How to delete large amounts of data in Rails and concerns

Introduction

Hello everyone! I'm @hiroki_tanaka, the producer of Mayu Sakuma.

I'm involved in maintaining Rails applications, and the other day I discovered that there was a lot of unwanted data in my production environment. That's why I considered how to delete a large amount of data in Rails, so I summarized what I investigated.

Difference between destroy and delete in Rails

First, Rails has two data deletion methods, destroy and delete. I would like to briefly summarize the differences between them.

destroy/destroy! Deletes one record specified via ActiveRecord. Callback methods (such as before_destroy and ʻafter_destroy) and validation work through ActiveRecord. Also, if there is a related Model for which dependent:: destroy` is set for the Model to be deleted, the set Model is also deleted. destroy will only return false and will not return an exception if an error occurs during execution and it cannot be deleted. In contrast, destroy! Returns an exception. Therefore, if you want to explicitly catch the error when deleting, it is better to use destroy !.

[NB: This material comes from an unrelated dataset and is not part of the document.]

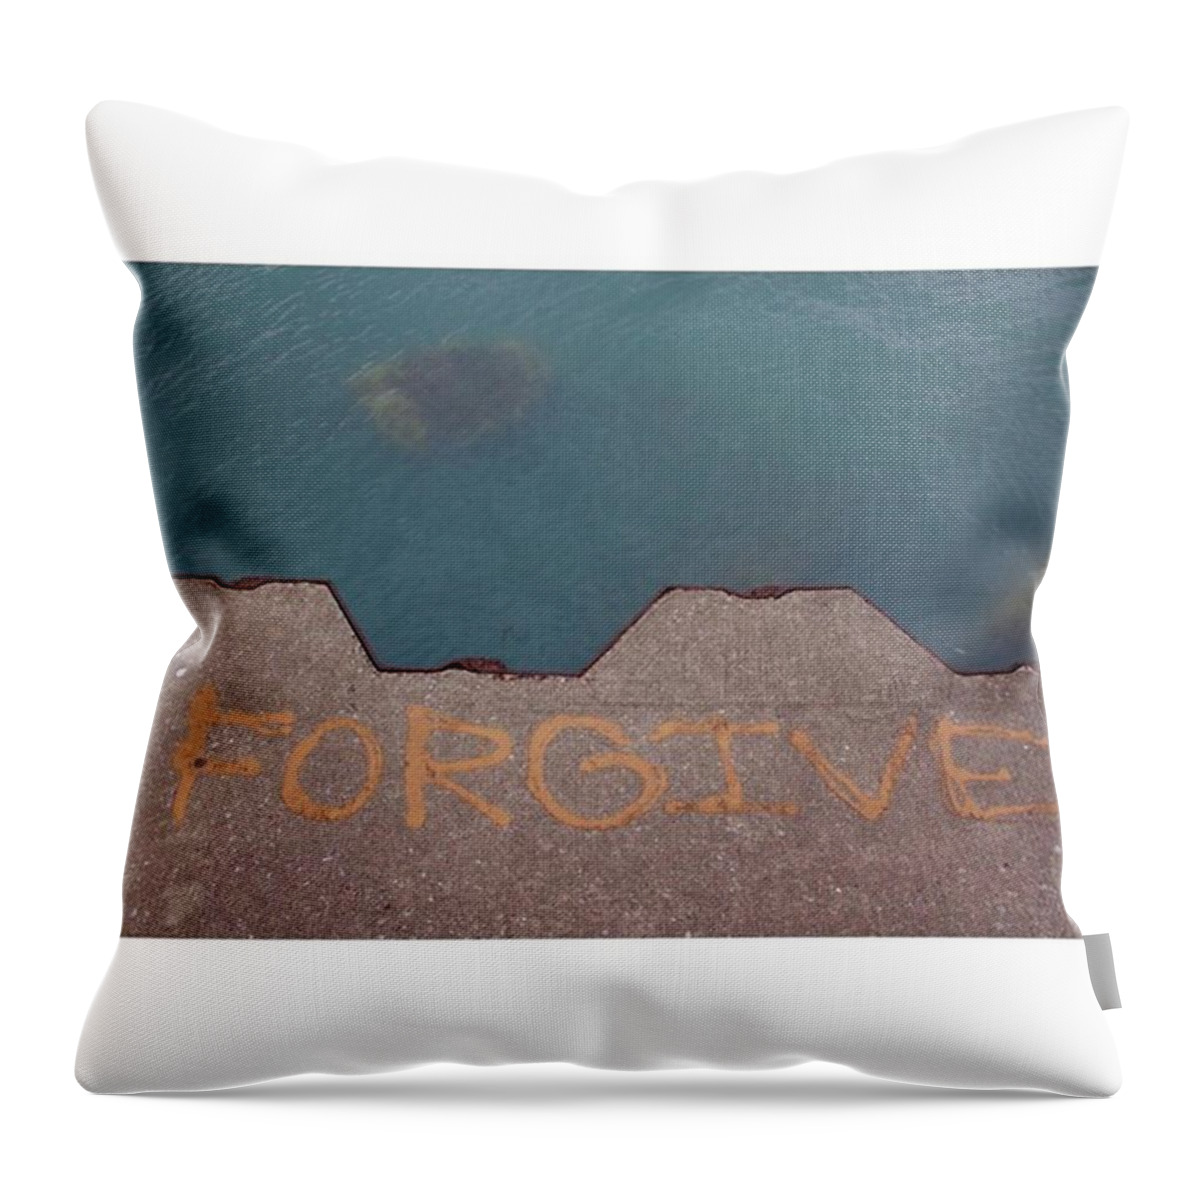 Canonrebel Throw Pillow featuring the photograph Forgive by Whitney Golden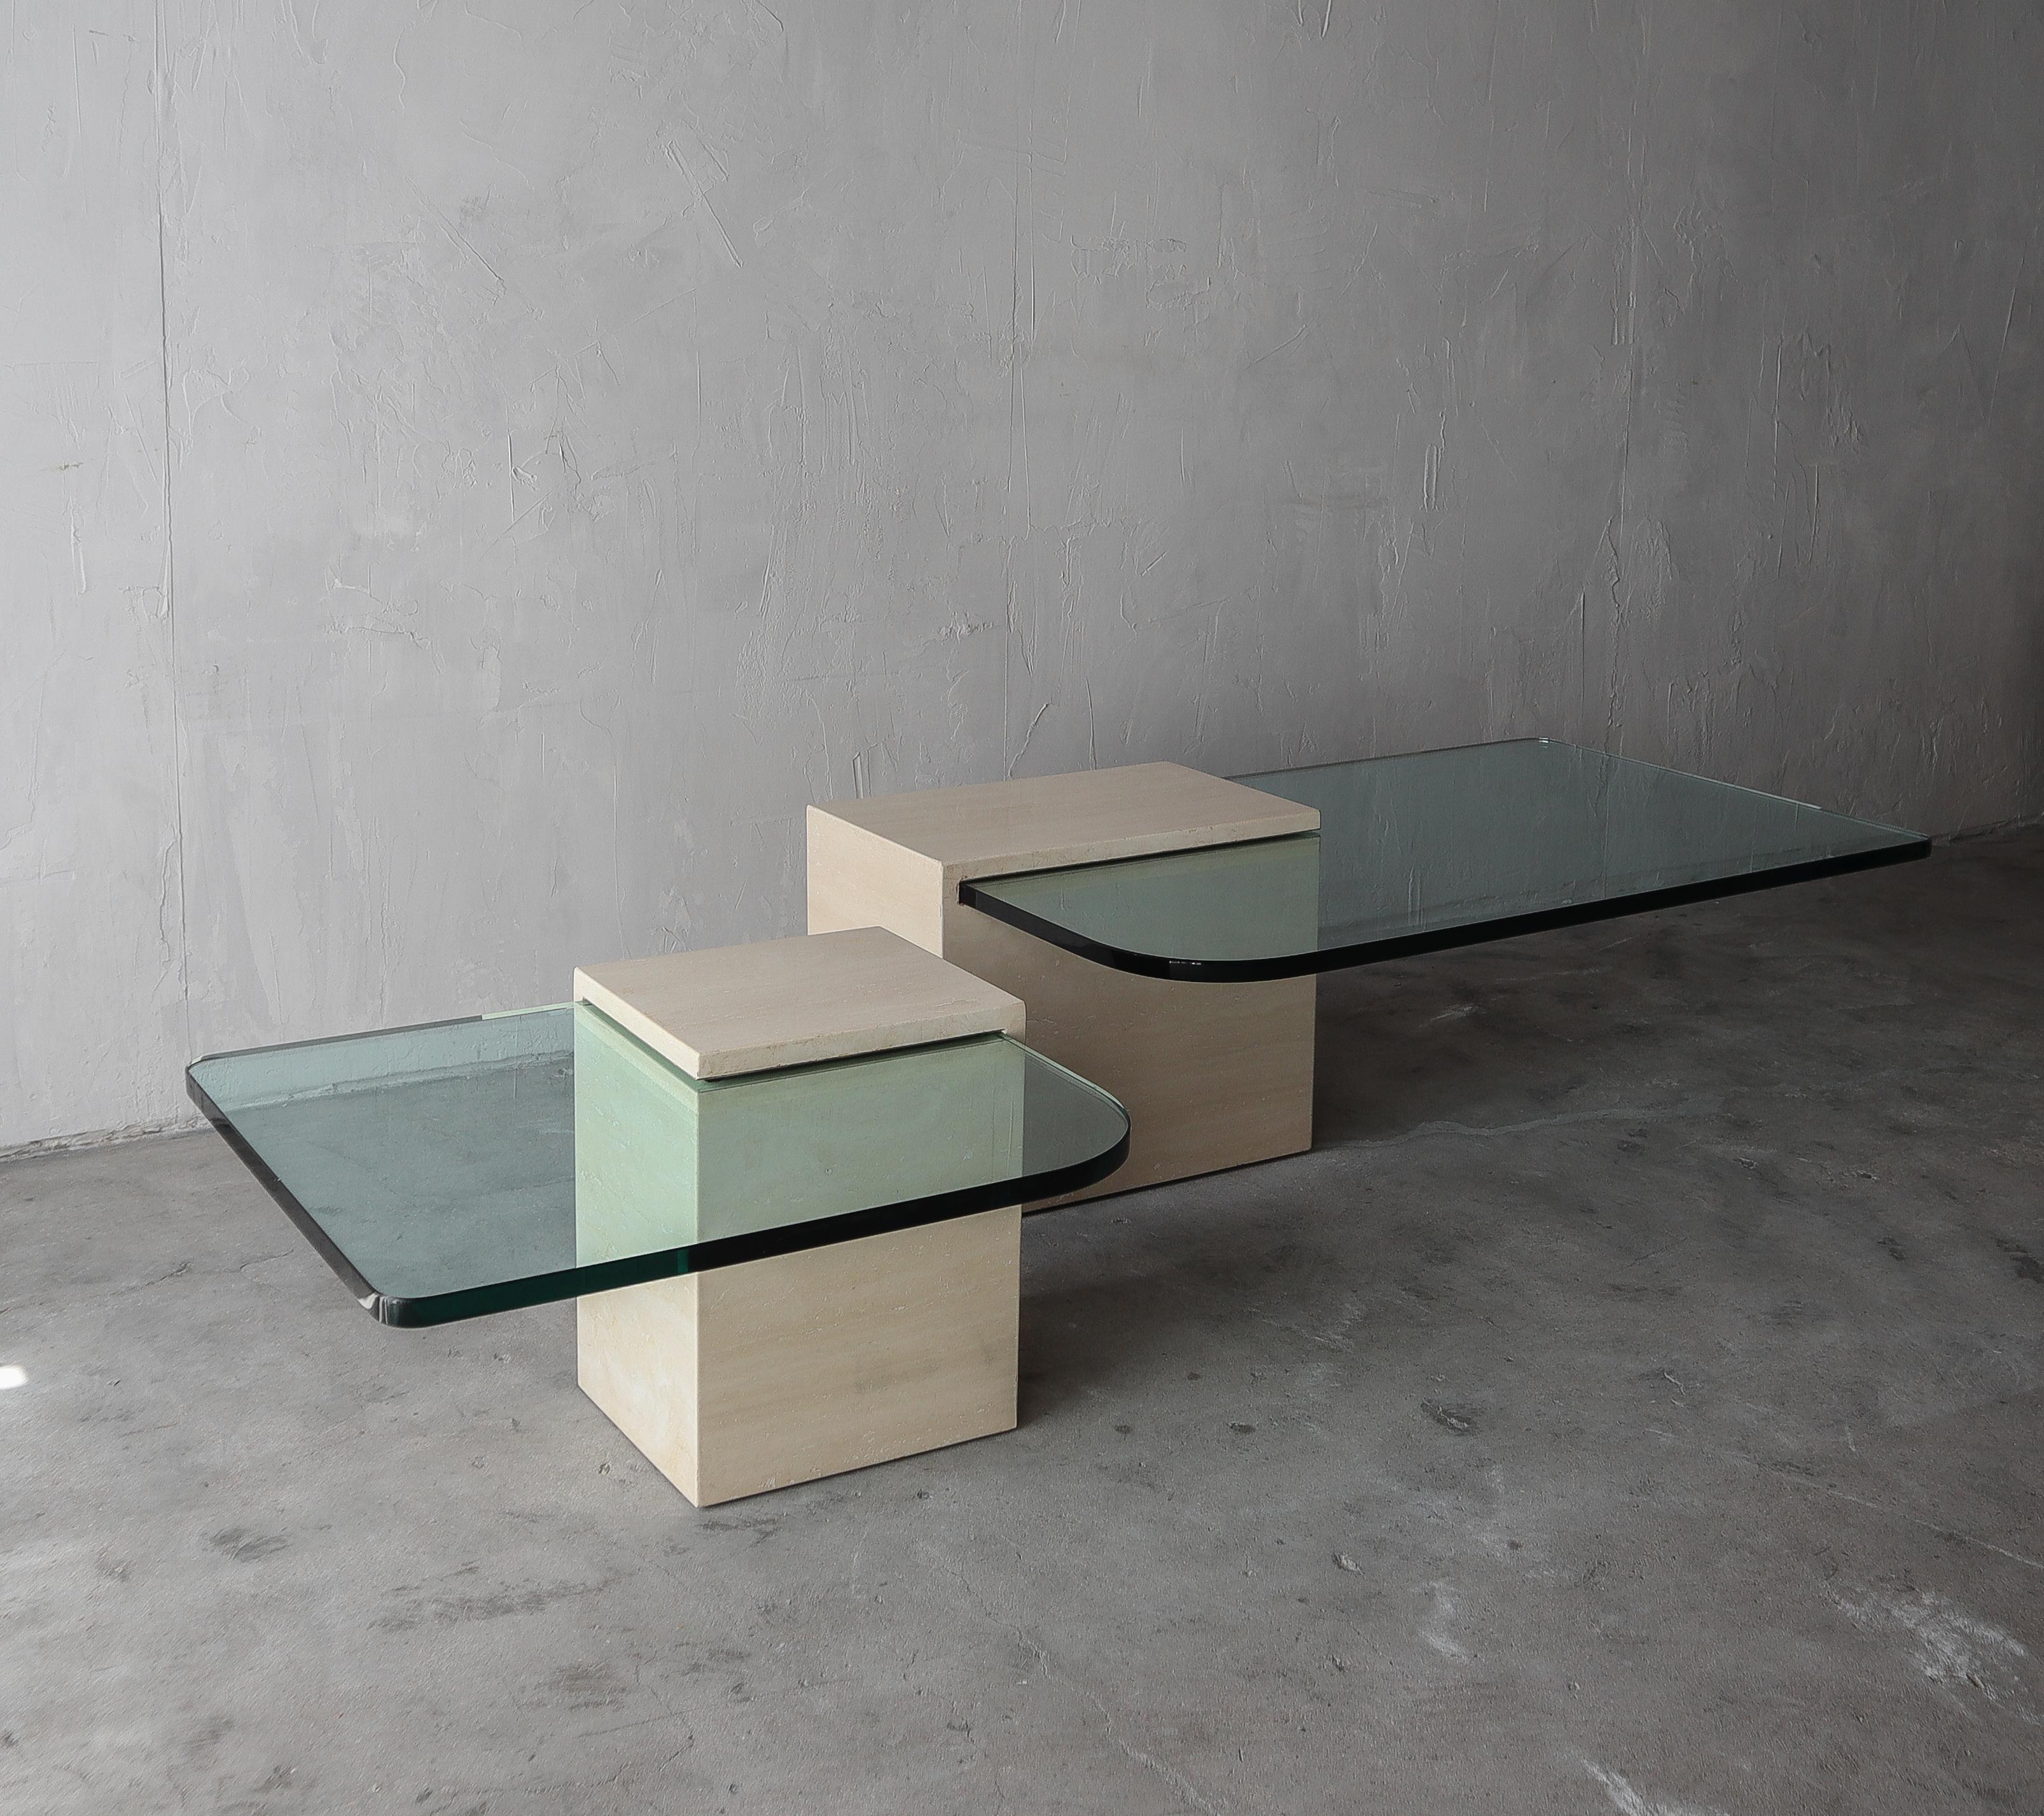 A gorgeous pair of travertine and glass coffee tables. A highly versatile duo which can be arranged in a multitude of configurations. They can be used together as a bunching coffee table, or separately as a coffee table and side table. These tables

delete Issue SQL (DELETE statement) directly to DB without going through ActiveRecord to delete the target record. The callback method and validation don't work because it doesn't go through ActiveRecord. Also, even if there is a Model associated with dependent:: destroy in the Model to be deleted, it will not be deleted. The behavior at the time of failure is the same as destroy, it only returns false and does not return an exception. Since delete! Does not exist in delete, I think it is better to use destroy! Obediently when "I want to delete data and return an error if it fails".

destory_all Only one record can be deleted with destroy / destroy !, but history_all can specify multiple records and deletes all the specified records. Like destroy, history_all also goes through ActiveRecord, so the callback method and validation · dependent:: destroy work. Like destroy, destory_all causes an error at runtime, and if the deletion process fails in the middle, it only returns false and does not return an exception. However, there is no method called destory_all !, so if you want to delete a large amount of data, but if it fails, you need to return an error properly. (The method will be described later.)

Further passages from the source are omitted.